Madre le apretó el hombro.

—Bueno, así son los hombres. Aún tiene que madurar un poco.

—¿Tú crees?

—Seguro. Al empezar en la vida, son muchas las presiones que soporta un hombre, los dos las soportáis, pero él de manera especial. Te compró esa casa tan bonita. Imagino que habréis hablado de tener niños, ¿no?

La señora Carter asintió.

—Todas esas cosas se van sumando como una carga grande y pesada sobre sus hombros. Cada cosa añade un kilo o dos hasta que ya casi no puede andar, apenas se tiene en pie. Bebe para que eso lo ayude a poder con todo, nada más. Yo no veo nada de malo en un poquito de caldo que calme los nervios a flor de piel. No te preocupes. Cuando las cosas mejoren, cuando se aligere la presión, todo se pondrá mejor. Tú espera y verás.

—¿No crees que soy yo? —‌dijo la señora Carter con una voz casi infantil.

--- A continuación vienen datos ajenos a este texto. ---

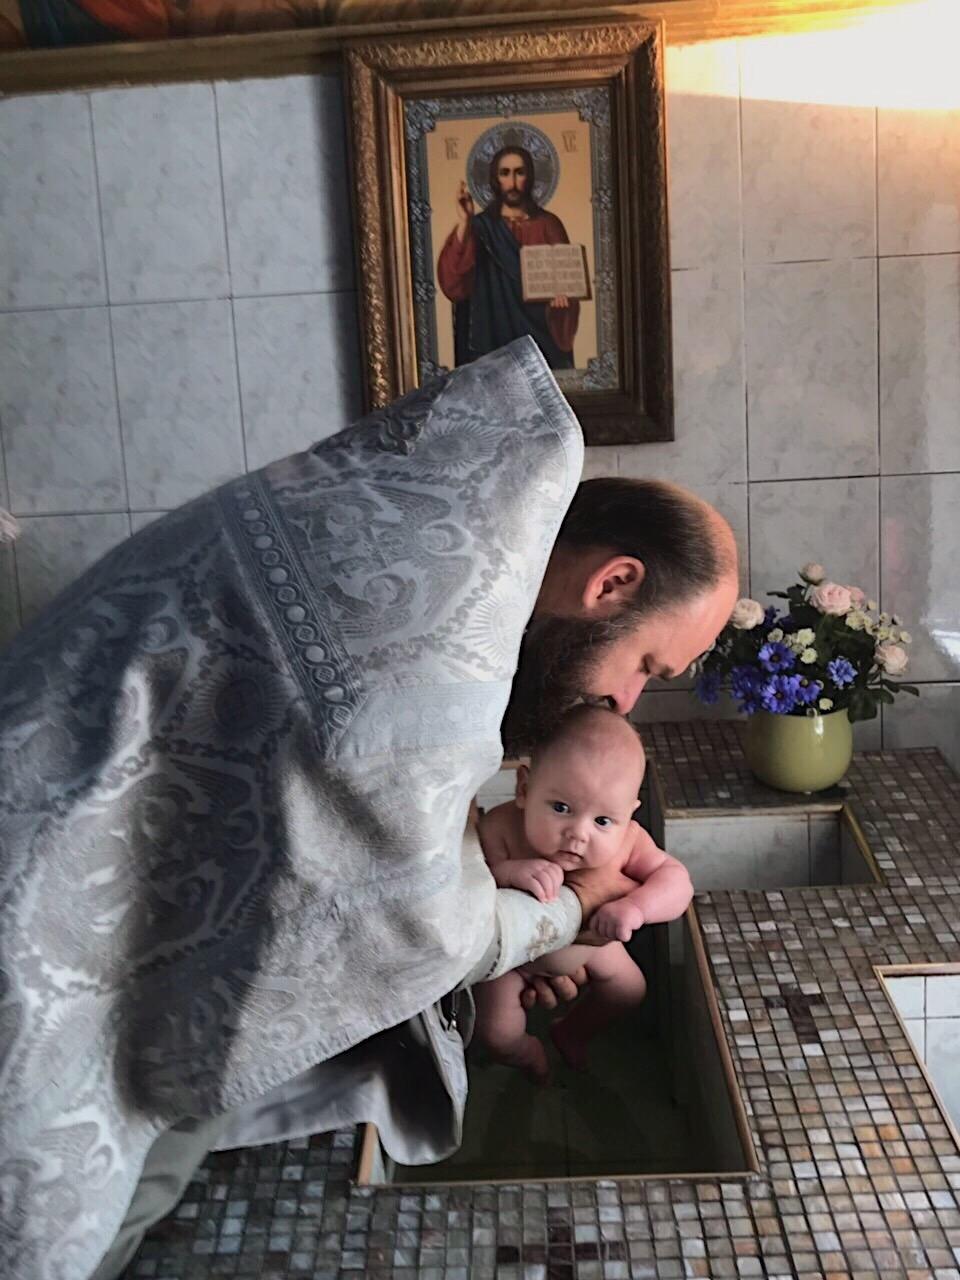 Звездные крестины: Миша Романова и Макс Барских впервые показали кадры из семейного архива (ФОТО) - фото №3

—¿Una preciosidad como tú? Por supuesto que no —‌le dijo madre.

—¿Crees que soy guapa?

Madre resopló.

—No me puedo creer que tengas que preguntarlo siquiera. Eres espectacular. Una de las mujeres más hermosas que jamás me haya echado a la cara.

—Qué amable por tu parte decir eso —‌dijo la señora Carter.

—Es la verdad. Cualquier hombre sería afortunado de tenerte —‌le dijo madre.

Ambas volvieron a guardar silencio, y yo eché otro vistazo reptando desde detrás de la esquina, silencioso como un ratón.

Madre y la señora Carter se estaban besando.